Of course, no Hogmanay celebration would be complete without some Scottish dancing; a quick online visit to Amazon for a DVD or book will have you doing the Gay Gordon in no time.
So you’ve tasted haggis and are still not sure what it’s made of, you’ve danced the night away (hopefully, without any injuries) and you’ve made a valuable contribution to the Scottish Whisky industry; now it’s the 1st January, and your limbs ache alongside your sore head! Did you know Scotland has its very own, home-grown, hangover cure? Irn Bru! Yes, Irn Bru is a fizzy, bright-orange drink that’s helped many a Scot’s head in the past, having been one of the country’s bestselling drinks since 1901.
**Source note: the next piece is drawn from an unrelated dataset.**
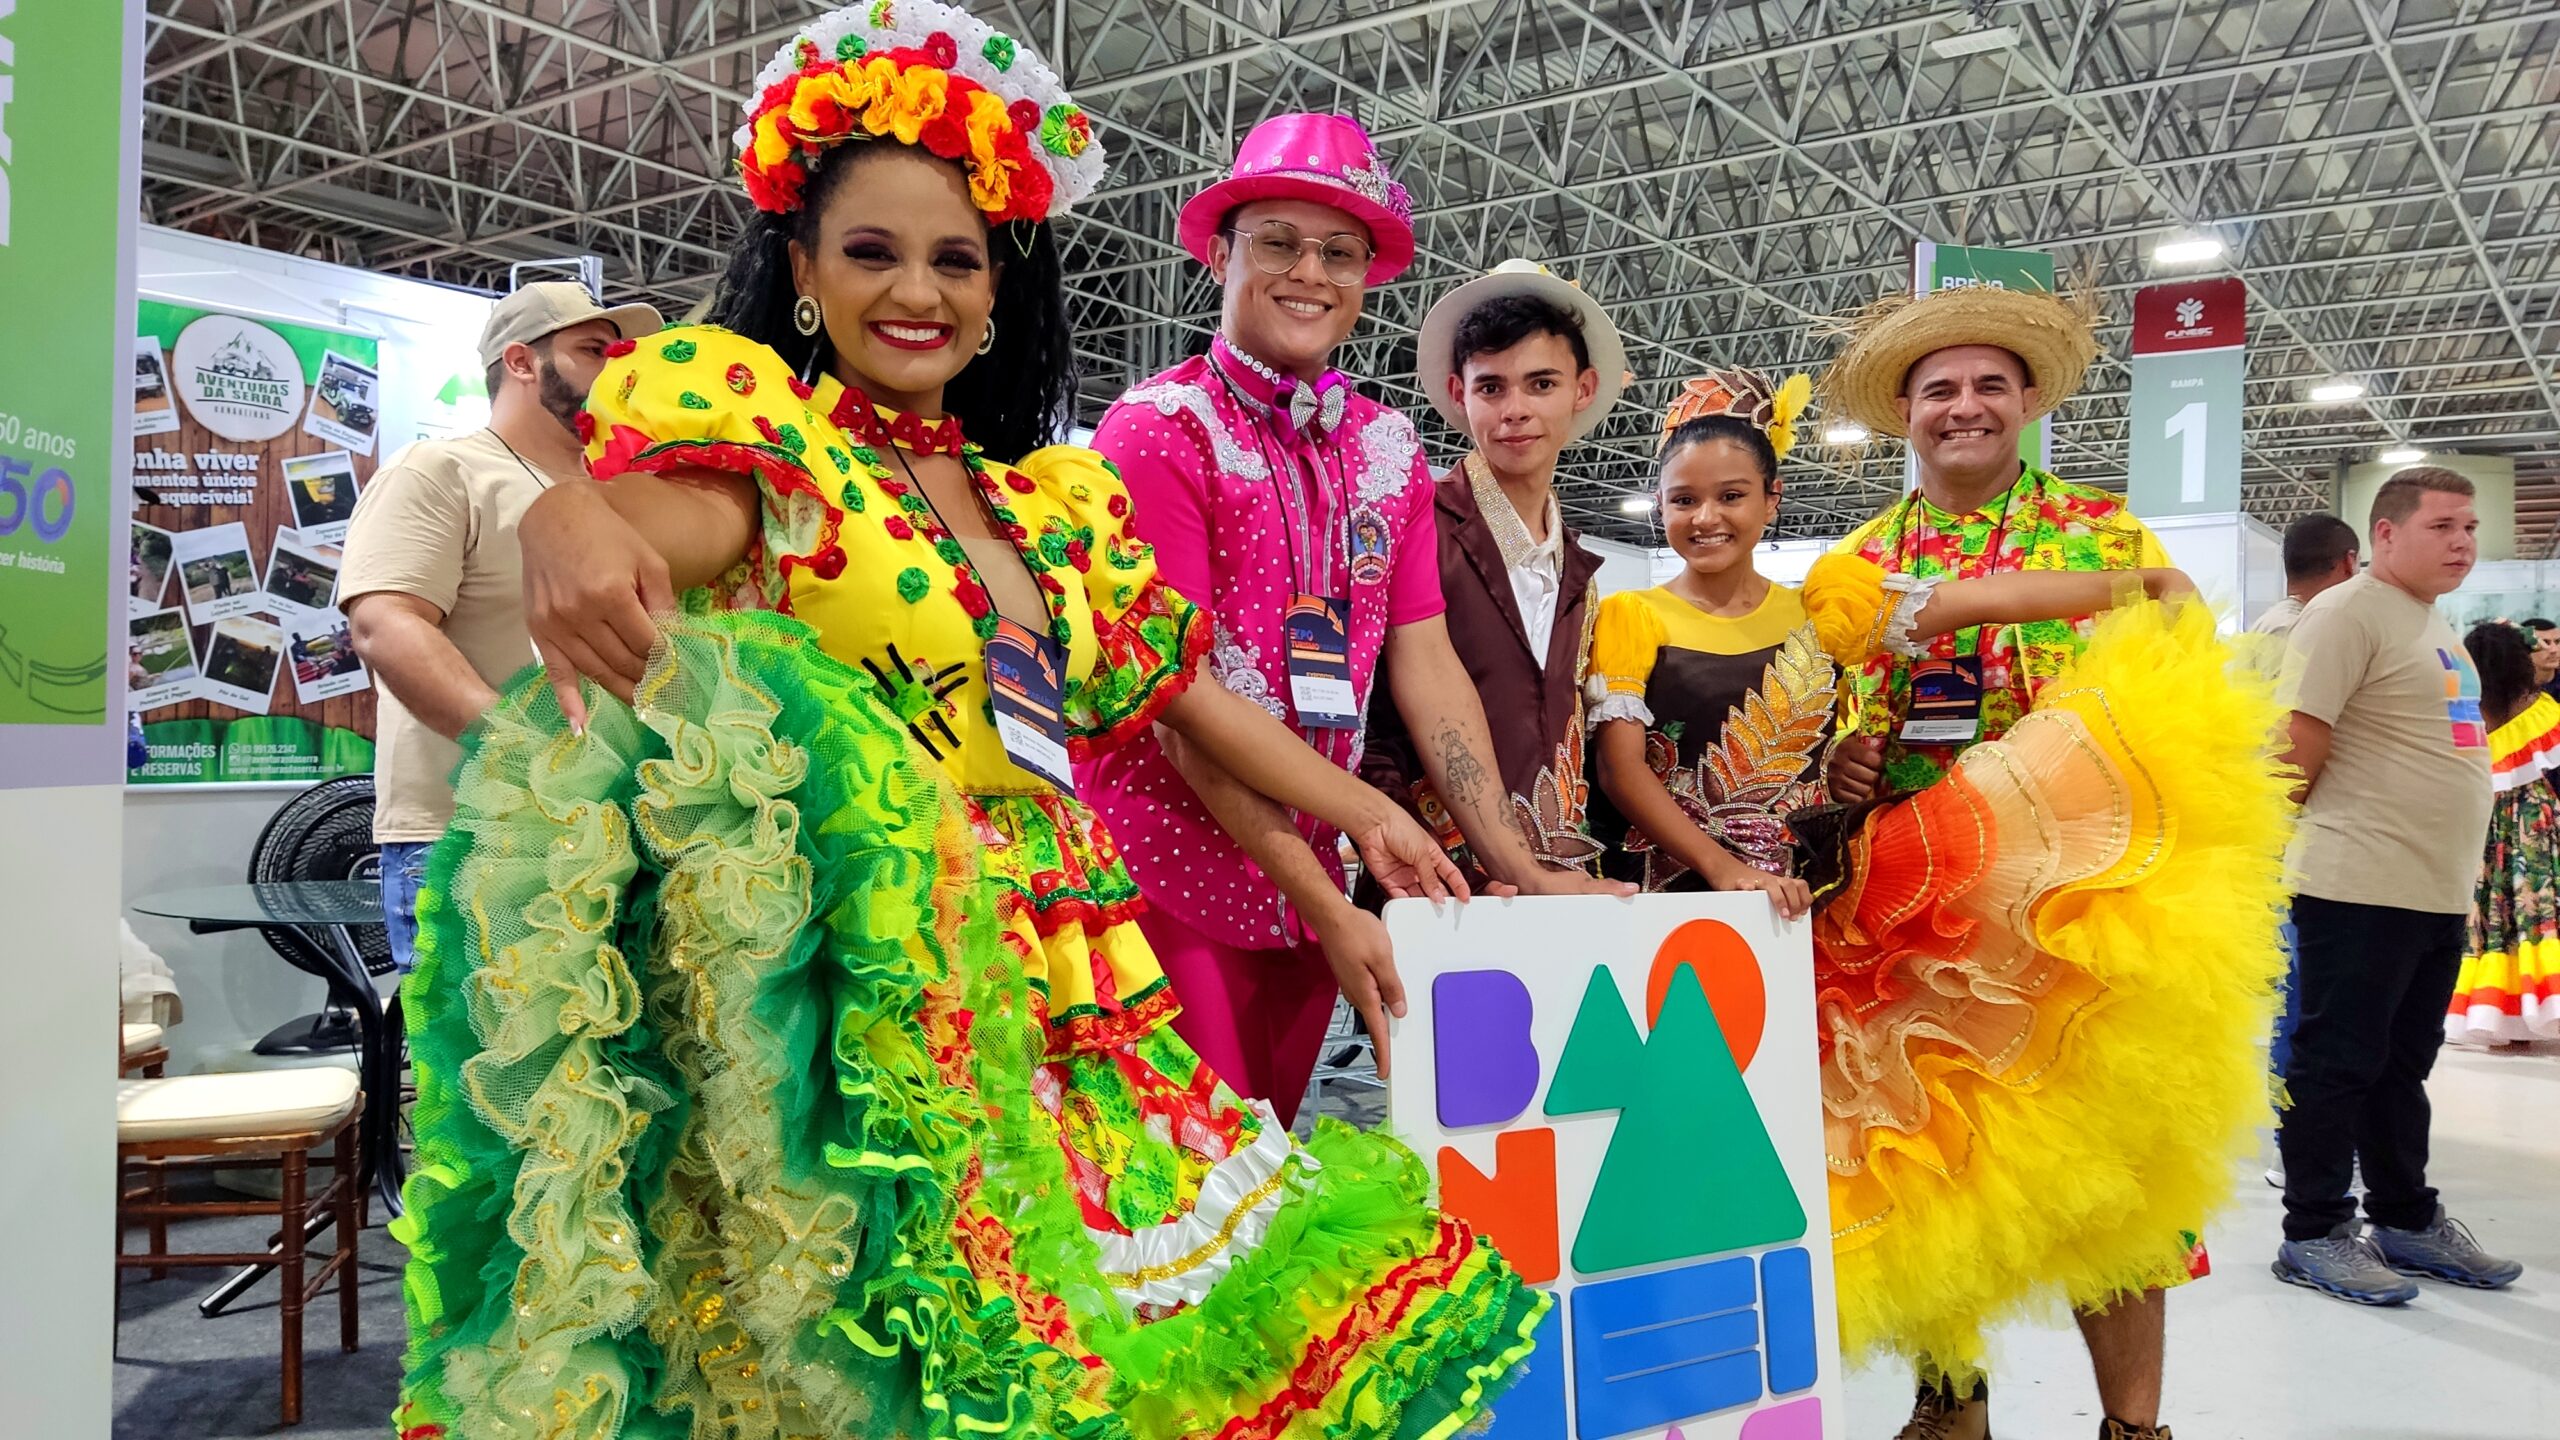 Bananeiras participa da Expo Turismo 2022 entregando a proposta “entre no clima”
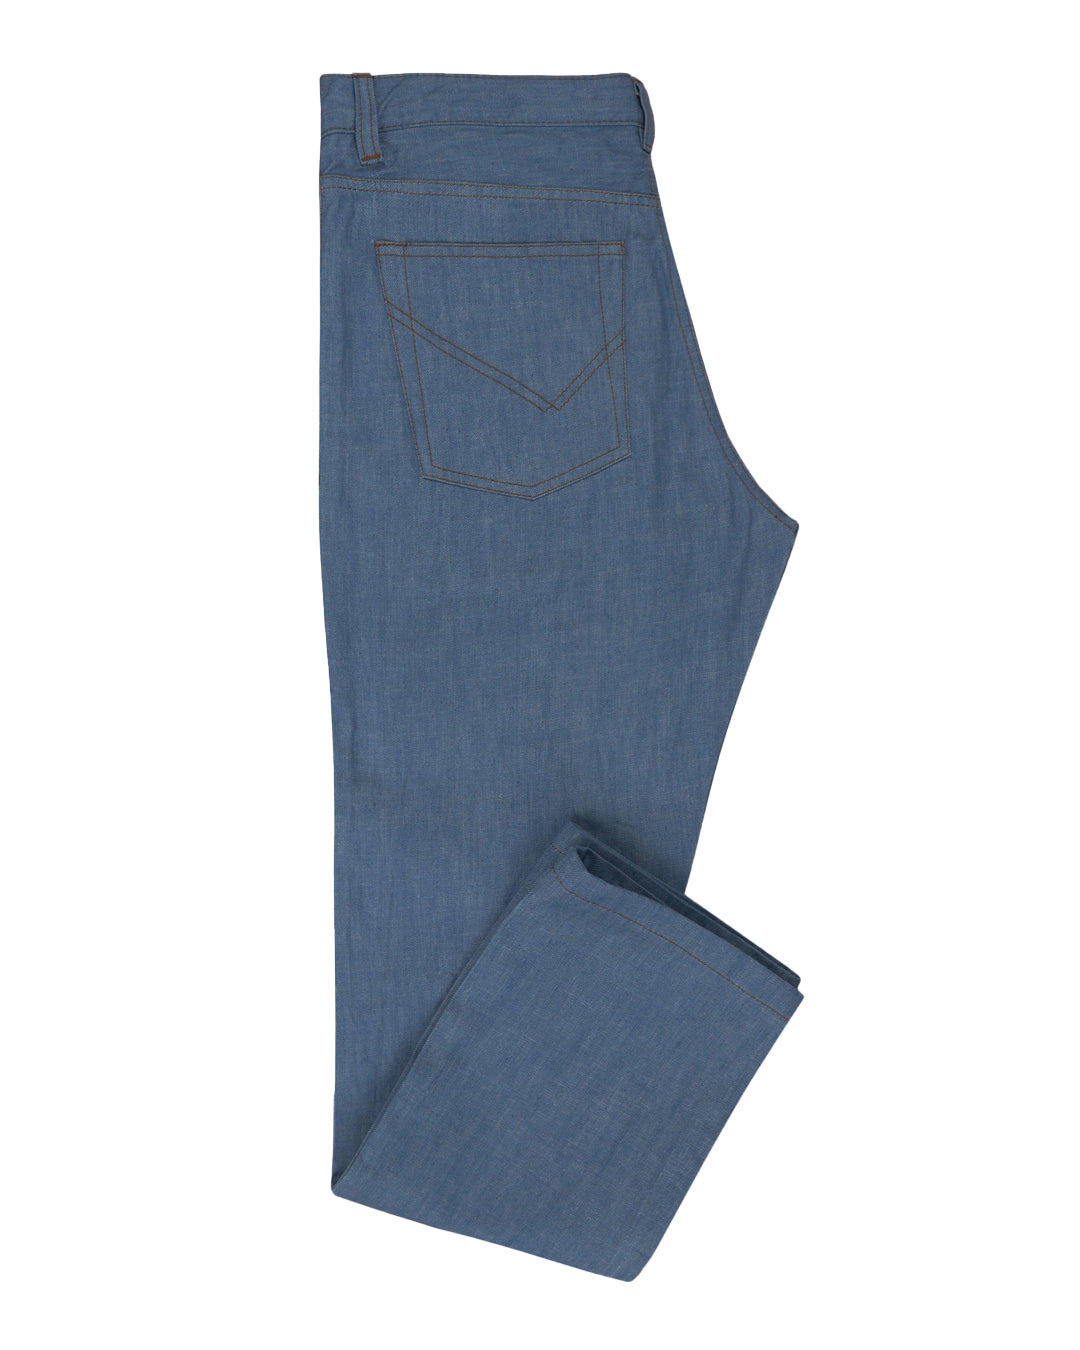 Side view of custom broken slub jeans for men by Luxire in light blue

Did you also know the “Hair of the Dog” principle for hangover cures was supposedly originally from Scotland? The theory is that a little bit of what is making you ill (the alcohol in question) can help the body to ease the pain. The Scottish would apparently heal dog bites by pulling the hair from the dog and placing it on the wound.
For a more traditional hangover cure, there are – of course – always a couple of paracetamol to take washed down with a cup of tea. And if you’re not feeling up to a full breakfast with potato scones, black pudding and lorne sausage, why not treat yourself to some scrambled eggs with some smoked salmon (Scottish, of course)?